Let me examplify with how I would like to see future library cataloging being done ;

I have a resource of sorts at hand, it could be a book or a link or a CD or something. Doesn't matter, but for the example it's written by Frank Herbert, apparently, and is called "Dune Genesis." It's an eBook. I pop "Frank Herbert" into a textbox of sorts, the system automatically does some searching, and finds 5 URIs that match that name. One of those URIs are WikiPedia and another is The Library of Congress. That means LoC has verified that whatever explain the subject of "Frank Herbert" is at the URI at WikiPedia, and that there is a reasonable equality between the two; one WikiPedia page, one authority record at LoC. The other URIs more or less confirm it (and this speaks to trust and government) I choose to accept the LoC URI as a author subject URI. Nothing more needs to be entered, no dates, no names, no nothing. Just one URI.

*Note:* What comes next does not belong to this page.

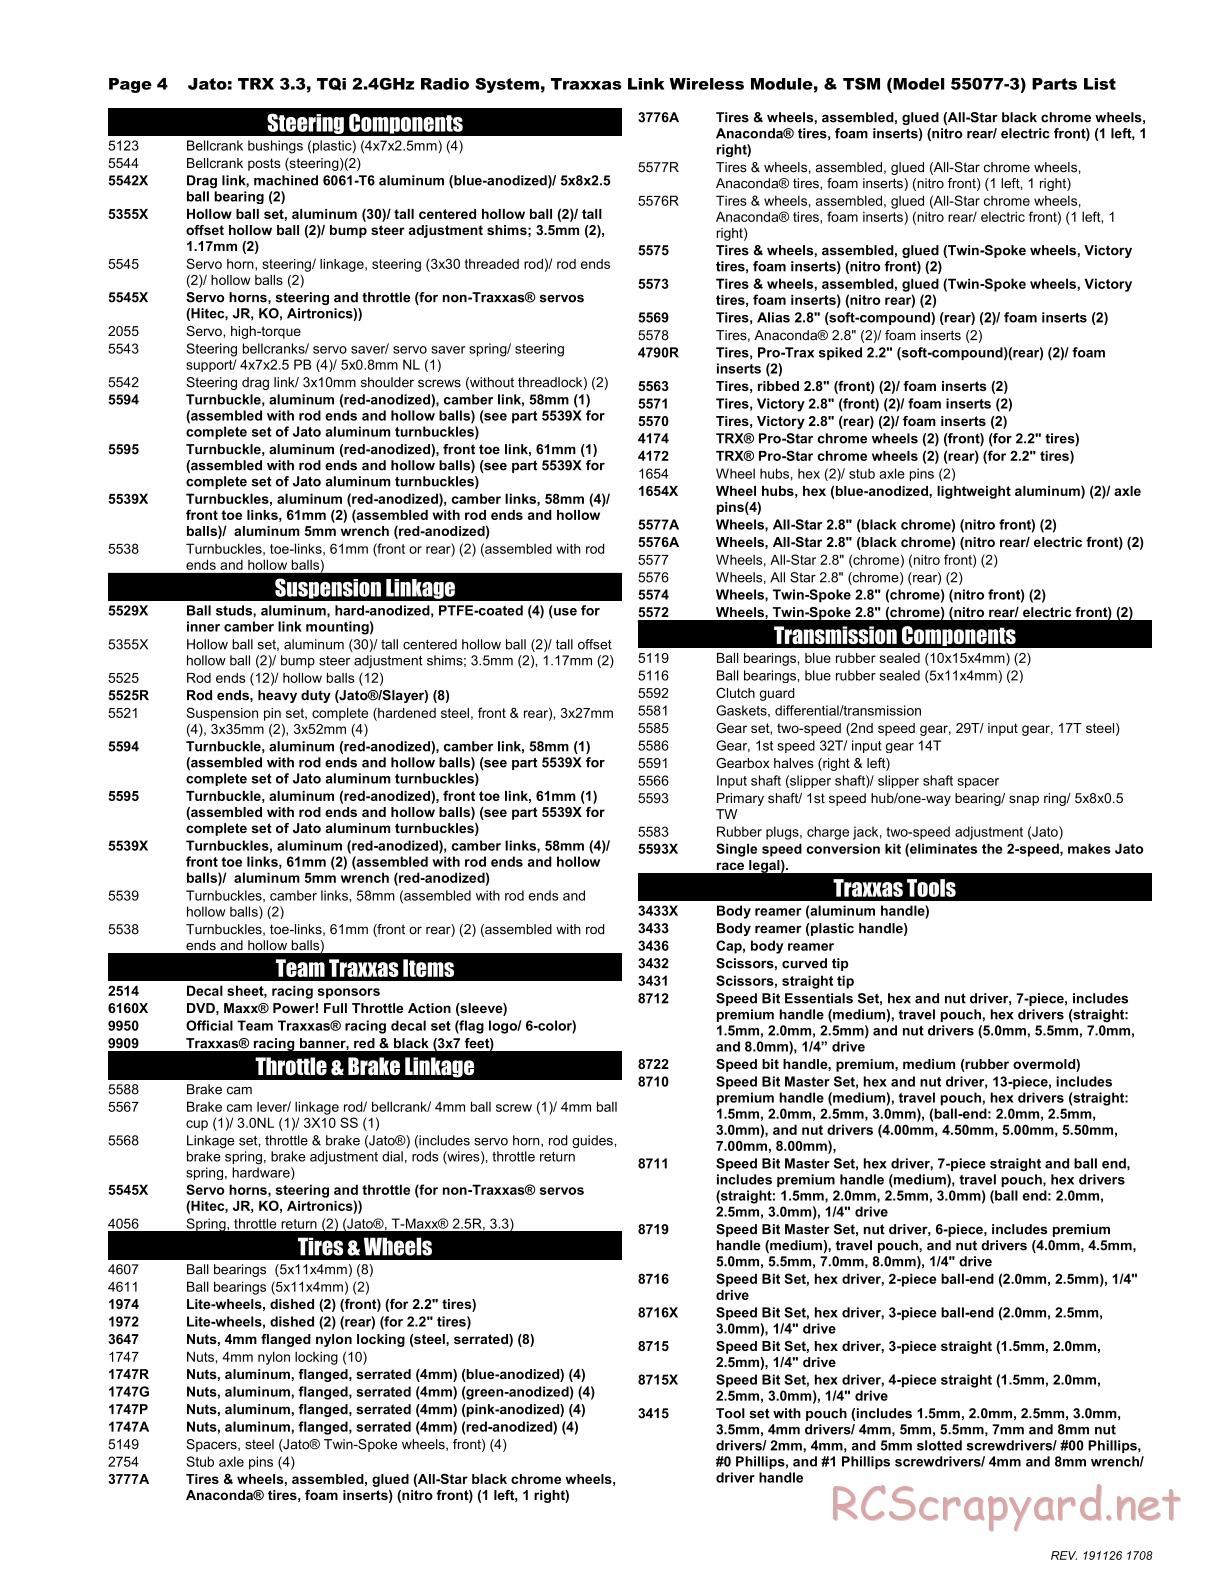 Traxxas - Jato 3.3 TSM - Parts List - Page 4
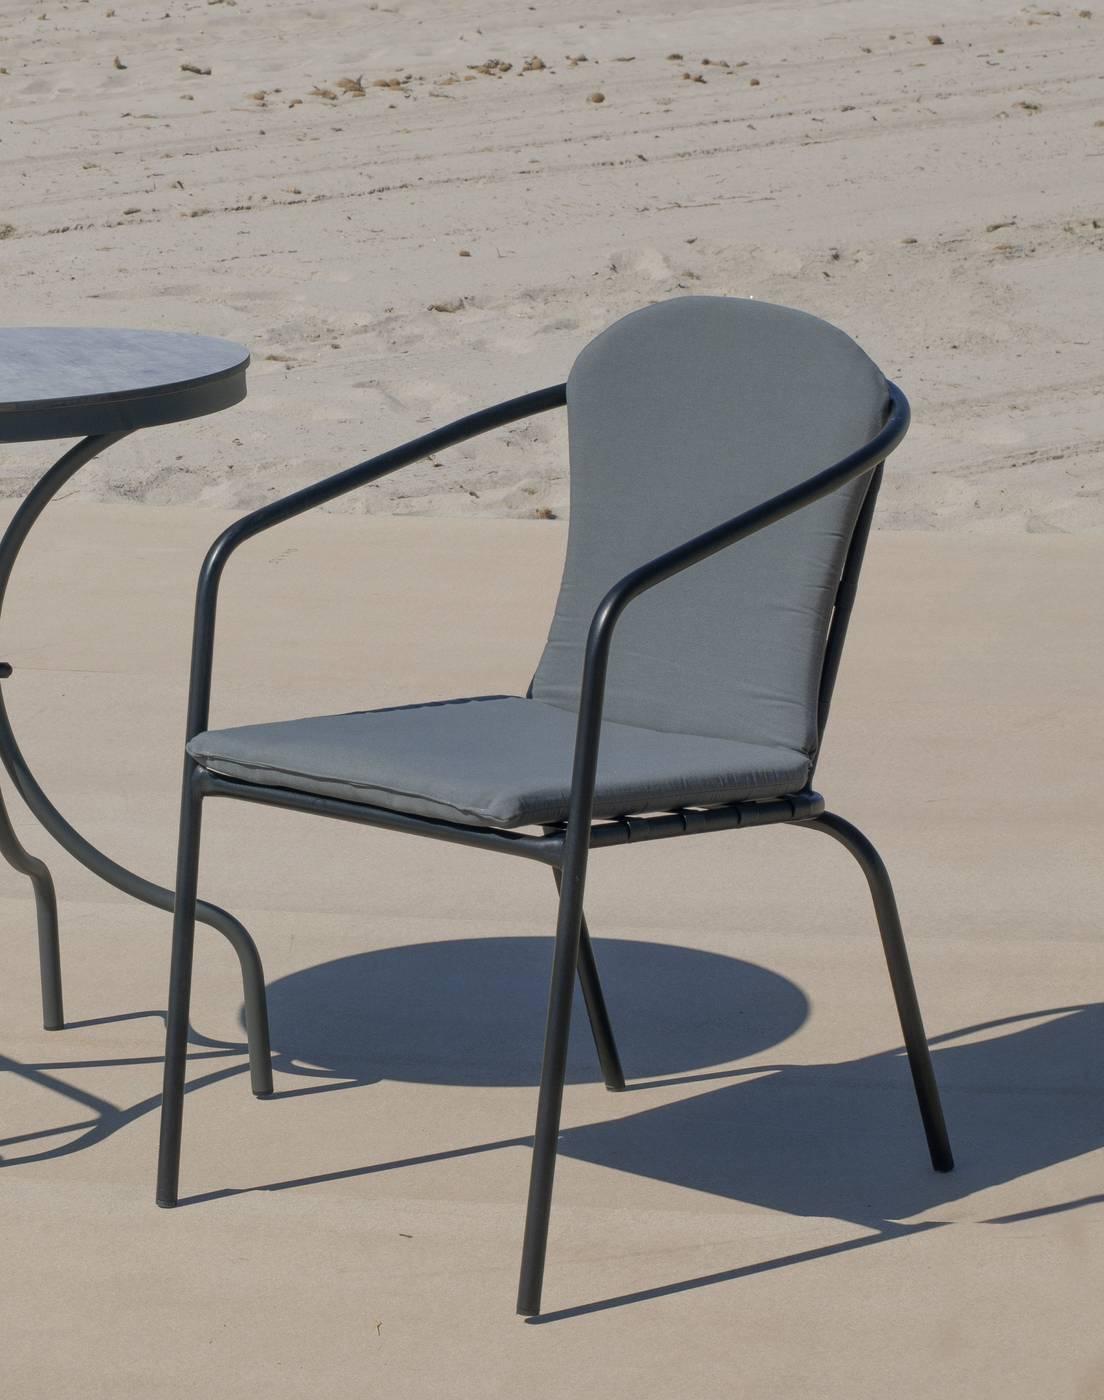 Sillón Aluminio Marsel - Sillón apilable de aluminio color marrón o antracita, con cojín asiento y respaldo a juego.

   Now I pop the name "Dune Genesis" into by tool, and it does its magic, but it return only a WikiPedia URI, and because it's tradition not to "trust" WikiPedia it means I have a "new" record I need to catalog. However, the WikiPedia URI contains RDFa, so my tool asks if I want to try and auto-populate meta data, and I choose yes. Fields gets populated, and I go over them, controlling that they are good, add some, edit some, delete some, and hit save.

   Two things now happen; the system automatically create an URI for me, a subject identity URI that if resolve will point to a page somewhere on our webserver with our meta data. That URI is fed back into whatever loop that tool uses for federated URIs, it could be library custom-made (see EATS below, or look to the brilliant www.subj3ct.com website for federated identity management) or something as simple as Google (for example, I use Ontopedia a lot, so if I do do "Alexander Johannesen Ontopedia", I will get as a first result a page representing an URI I can use for talking about me). This creates a dual system of identity, one for the subject, one for the meta data about the book, both using the same URI.

   Do you dig it? Can you see it? Can you see the library world slowly using such a simple mechanism for totally ruling the meta data and identity management boulevard, or what? I pointed to Conal Tuohy's EATS system. Make him give it to you, collaborate to make this just work, open-source and make make it a tool for librarians to automatically create, use, harvest and share identities and resources using the same URIs, and you've got what you need.

   This is complex stuff, and I think I need a drink now. A nice hot tea will do, and I'll try to clarify more in the coming days. Until then, ponder "what the heck you are talking about."


  1. Fine as far as you go, but many catalogers would be wary of trusting Wikipedia (since pages could merge or change without warning) as identity documents. Review (by LC or some other body) couldn't keep up.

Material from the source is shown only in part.